- Supplied data:
= = = = = = =
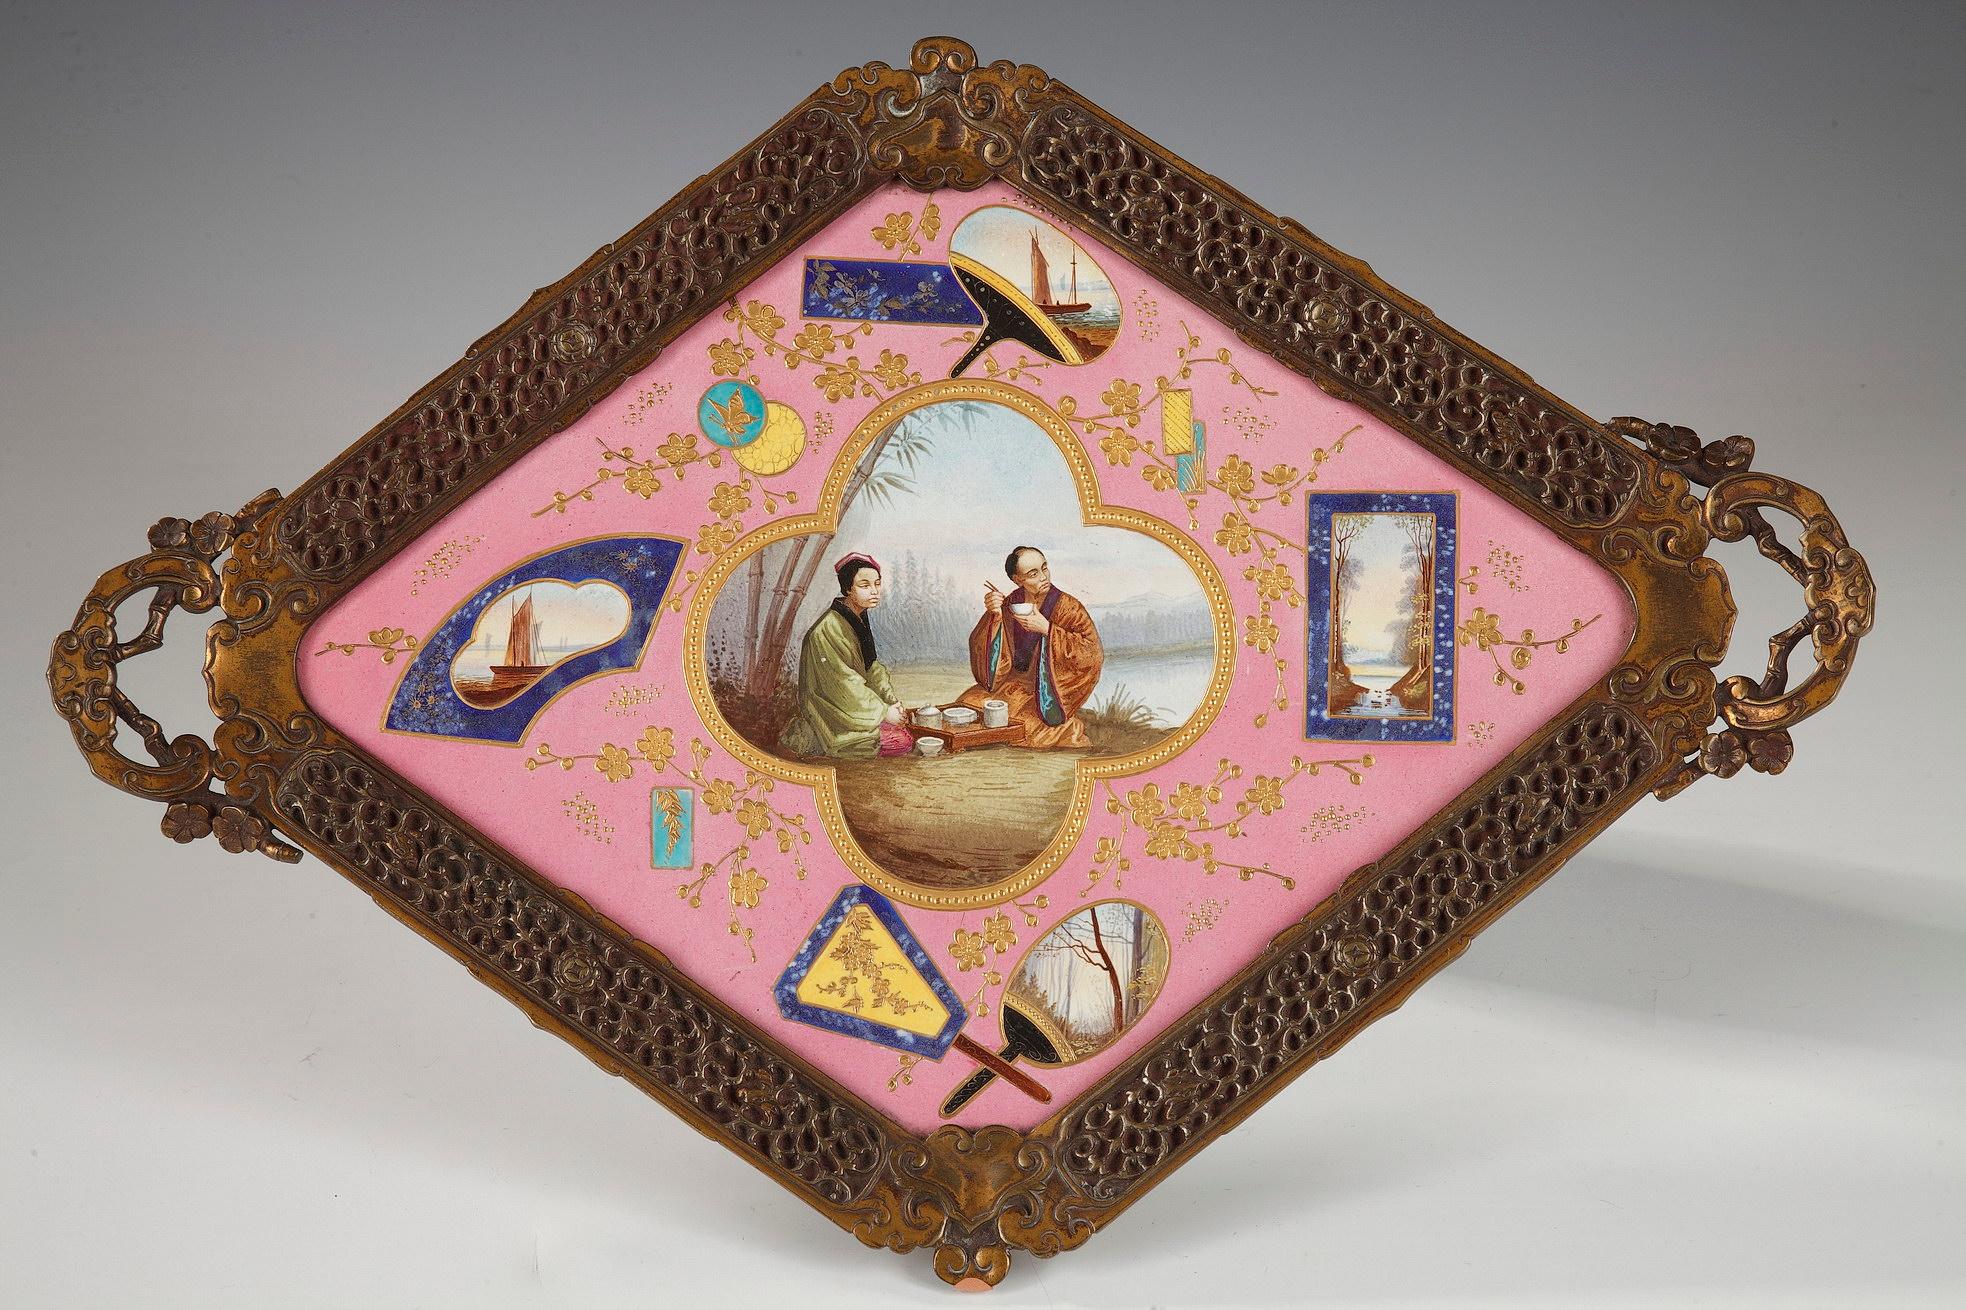 Rare Japanese style diamond-shaped tray attributed to l'Escalier de Cristal, representing lake landscapes in cartouches, and adorned in its center with a lunch scene with a Japanese couple in traditional dress, all highlighted by a gilded decor of
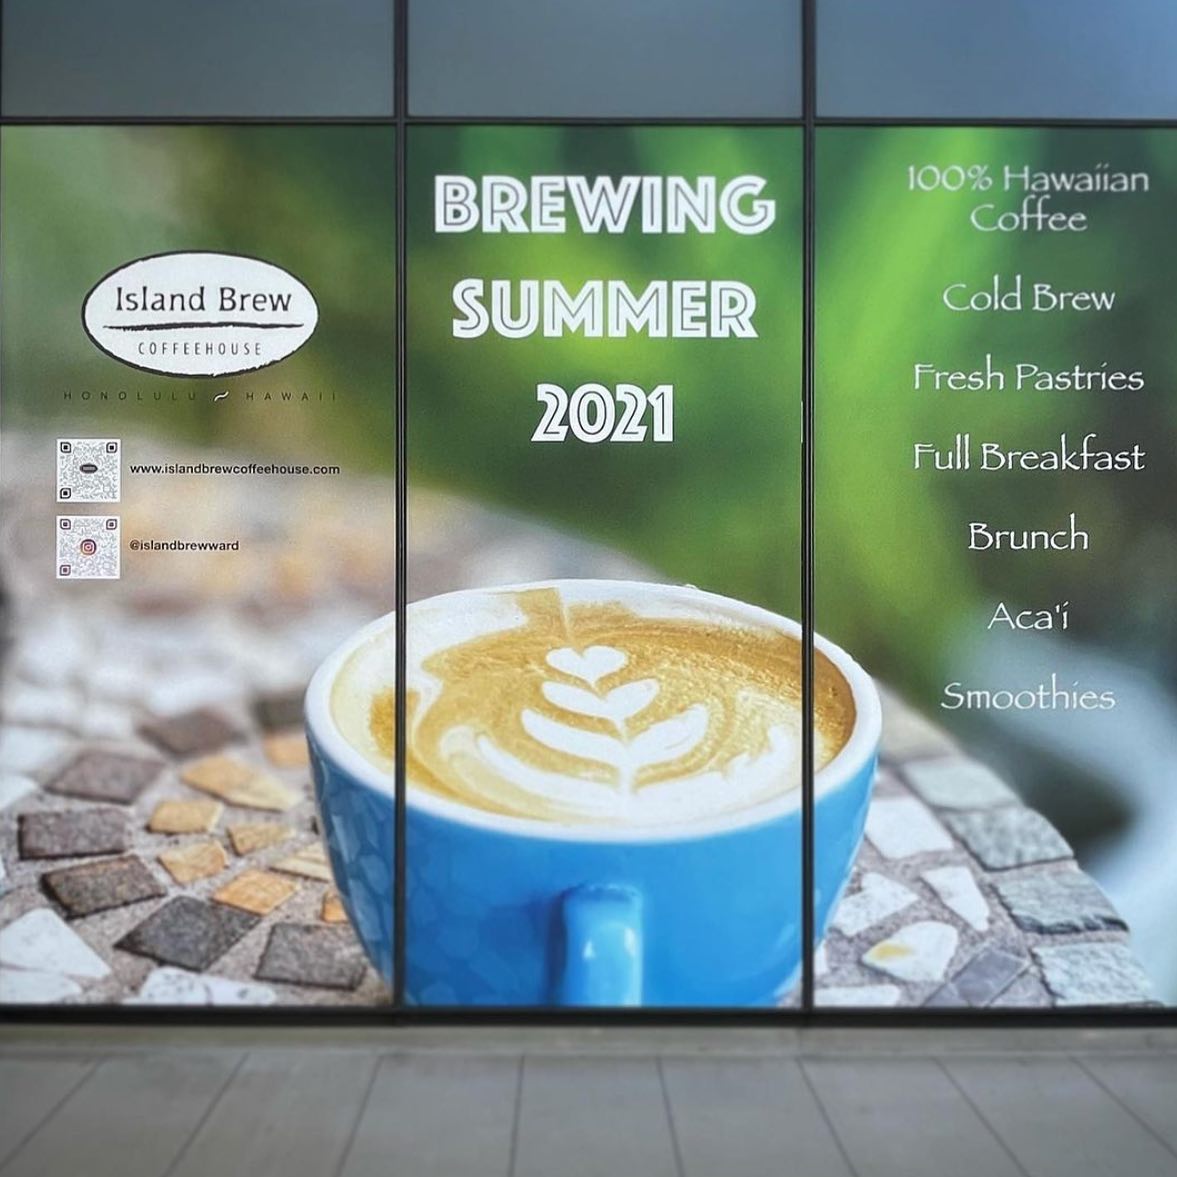 We have some things brewing for Summer 2021… Island Brew Coffeehouse is opening in Anaha Shops!
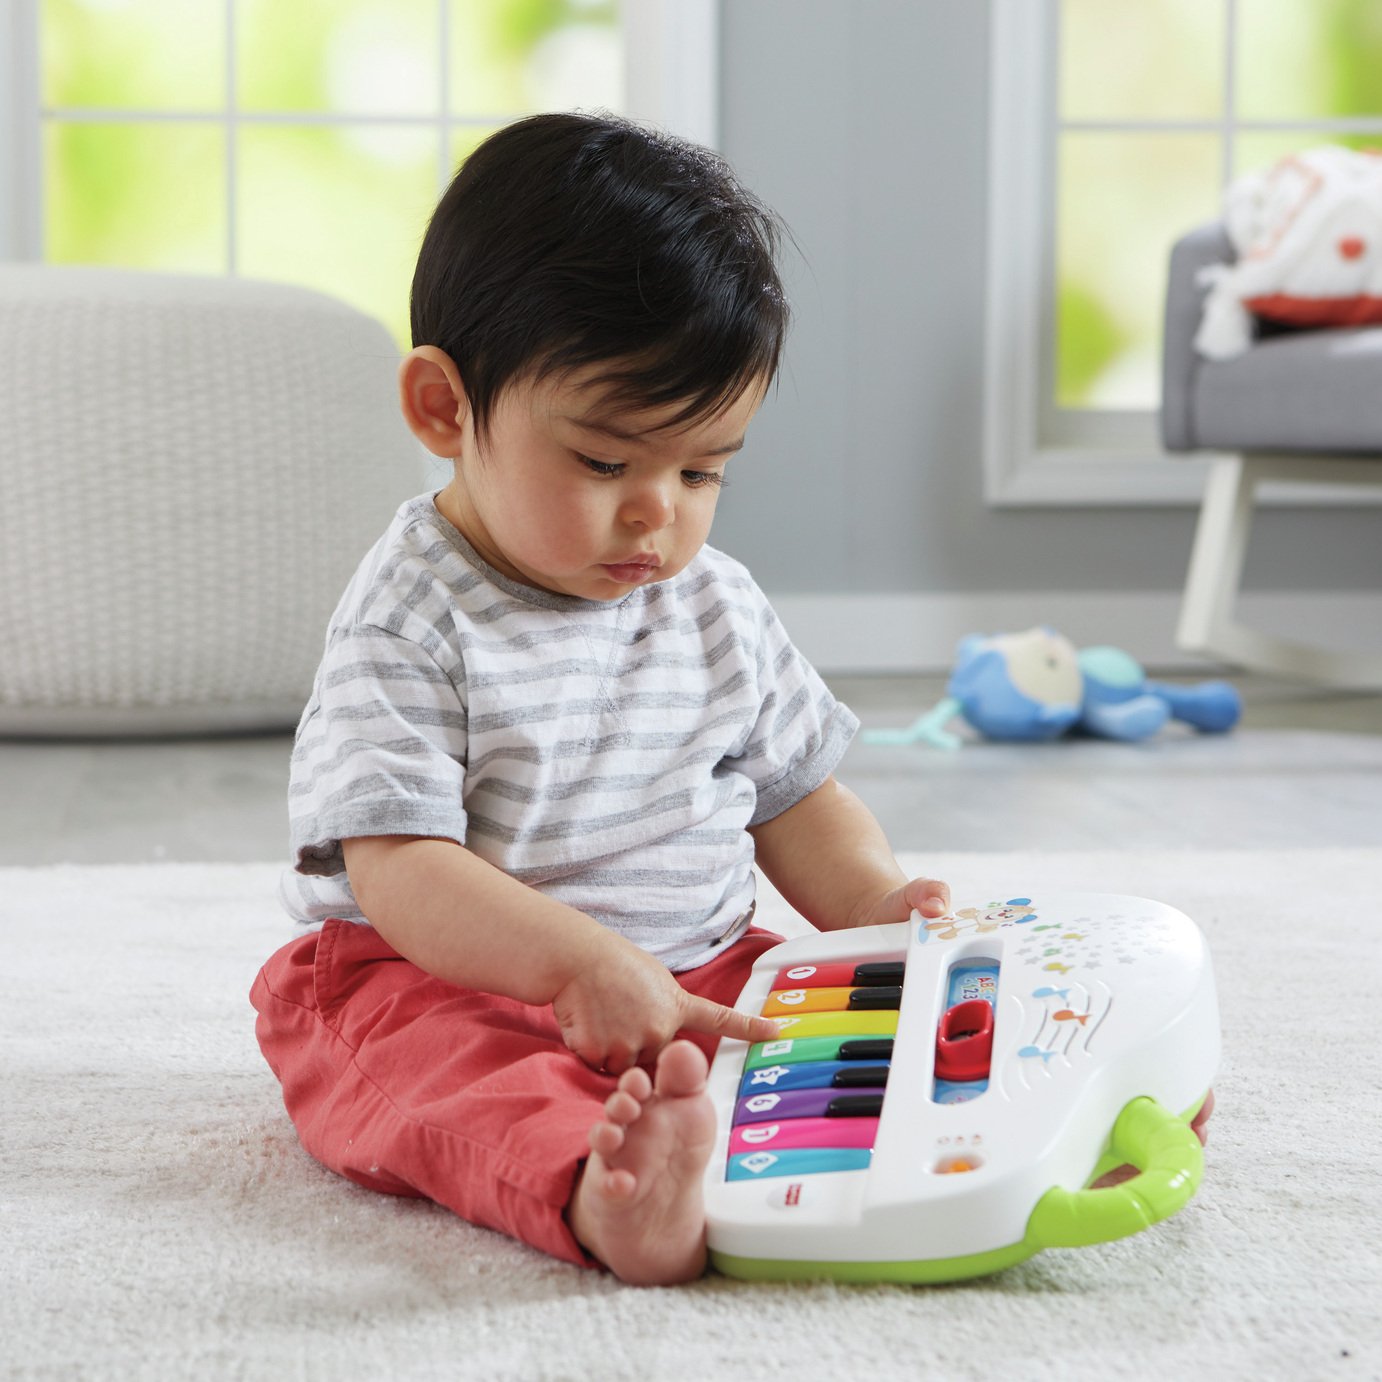 Fisher-Price Laugh & Learn Silly Sounds Light-Up Piano Toy
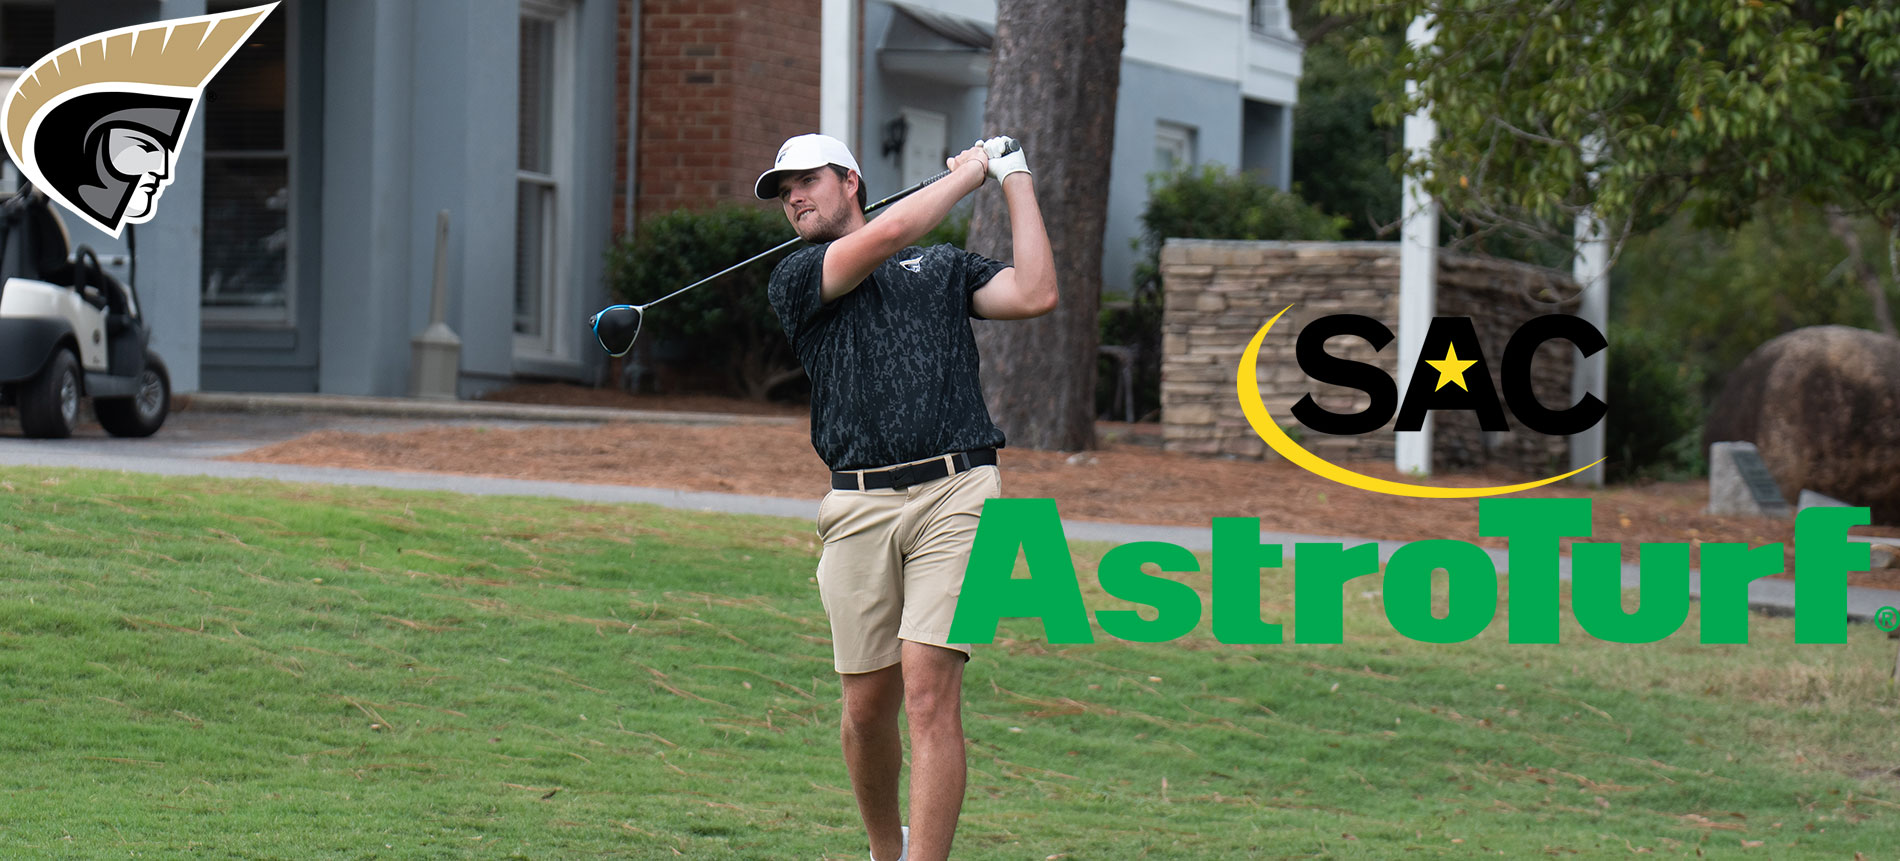 Coleman Named South Atlantic Conference AstroTurf Men’s Golfer of the Week
= = = = = = =
- Exercise description: Leave out the pictures and restate, word for word, the lines from the top of the data through the line containing "Fisher-Price Laugh &", both included.

- Answer space:
 Rare Japanese style diamond-shaped tray attributed to l'Escalier de Cristal, representing lake landscapes in cartouches, and adorned in its center with a lunch scene with a Japanese couple in traditional dress, all highlighted by a gilded decor of
 We have some things brewing for Summer 2021… Island Brew Coffeehouse is opening in Anaha Shops!
 Fisher-Price Laugh & Learn Silly Sounds Light-Up Piano Toy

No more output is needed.